The settlement is the latest step from Khartoum to get off the terror list. Earlier this week, Sudan’s provisional rulers said they had agreed to hand over longtime autocrat Omar al-Bashir to the International Criminal Court to face trial on charges of war crimes and genocide during the fighting in the western Darfur region.

Also, Sudan’s interim leader earlier this month met in Uganda with Israeli Prime Minister Benjamin Netanyahu, who announced that Israel and Sudan would normalize relations. Observers and Sudanese officials have said that the settlement with the USS Cole bombing victims was among the last hurdles faced by Sudan.

At the time of the Oct. 12, 2000 attack in the Yemeni port of Aden that killed 17 sailors and wounded more than three dozen others, Sudan was accused of providing support to al-Qaeda, which claimed responsibility for the attack.

Today, Sudan’s interim authorities are desperate to have sanctions, linked to its listing by the United States as a state sponsor of terror, lifted. Sudan’s justice ministry said the settlement was signed with the victims’ families last Friday in Washington but its statement gave no details of the settlement.
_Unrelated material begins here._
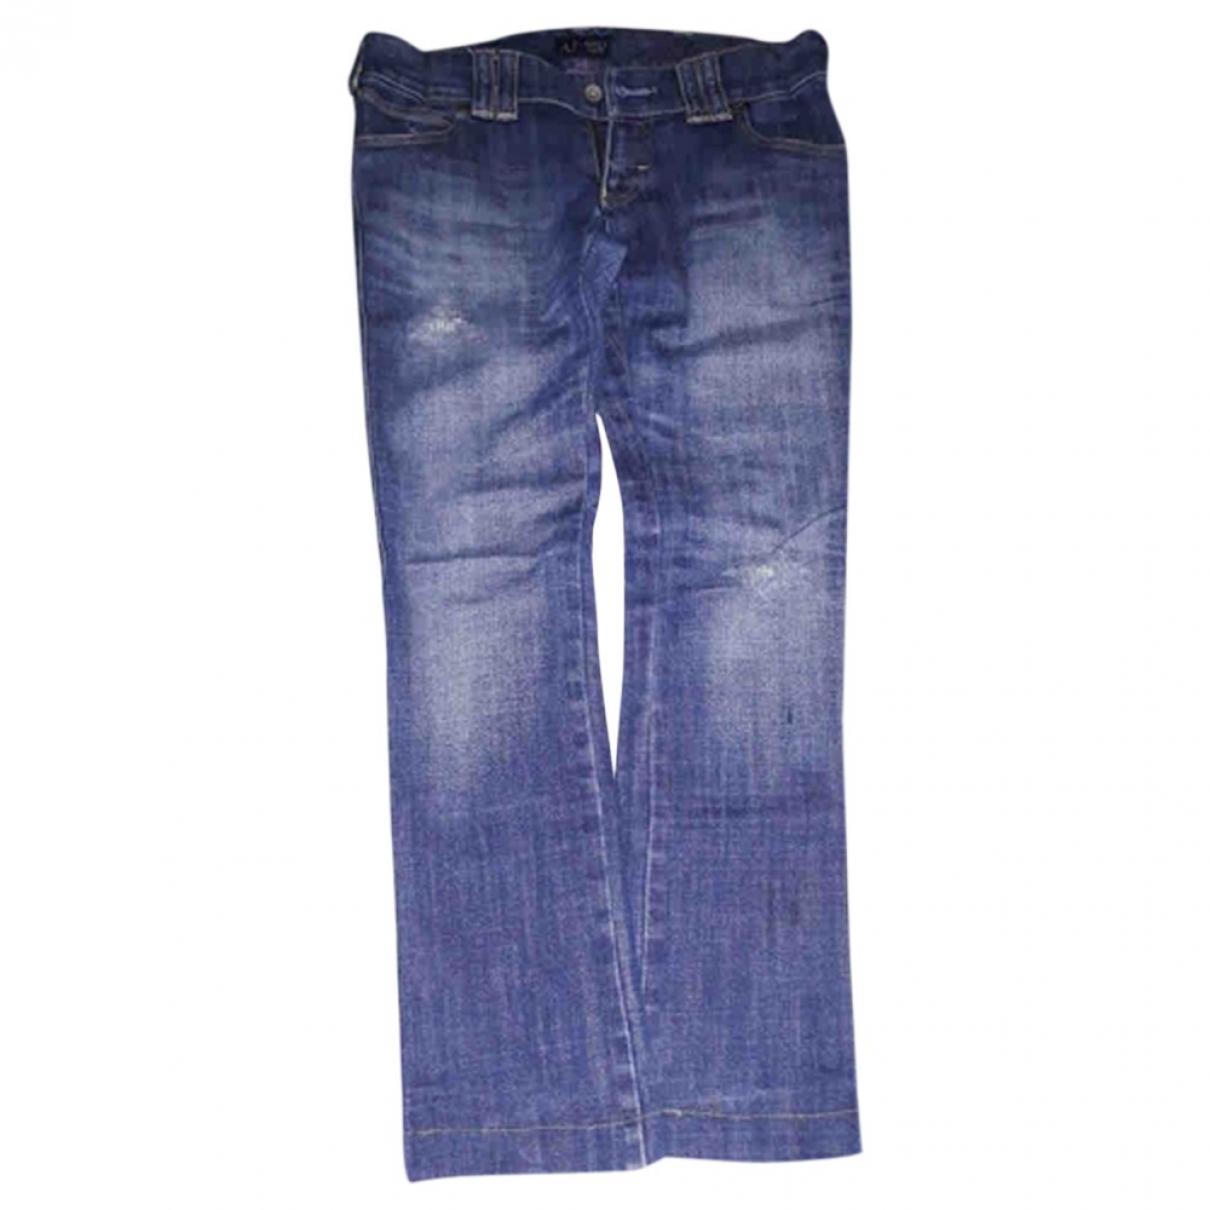 Armani Jeans \N Blue Denim - Jeans Jeans for Women 26 US

There was no immediate comment from Washington.

Sudan’s information minister and interim government spokesman, Faisal Saleh, told The Associated Press over the phone that Justice Minister Nasr-Eddin Abdul-Bari had traveled last week to Washington to sign the deal, which included compensations for both the wounded and the killed.

Sudanese President Omar al-Bashir
Then-Sudanese President Omar al-Bashir in the capital Khartoum on Feb. 12, 2019. (Ashram Shazly/AFP/Getty Images)

He said the figures could not be disclosed because the Sudanese government is still in negotiations to reach a similar settlement with families of victims of the 1998 bombings of U.S. embassies in Kenya and Tanzania. More than 200 people were killed in the attacks and more than 1,000 were wounded.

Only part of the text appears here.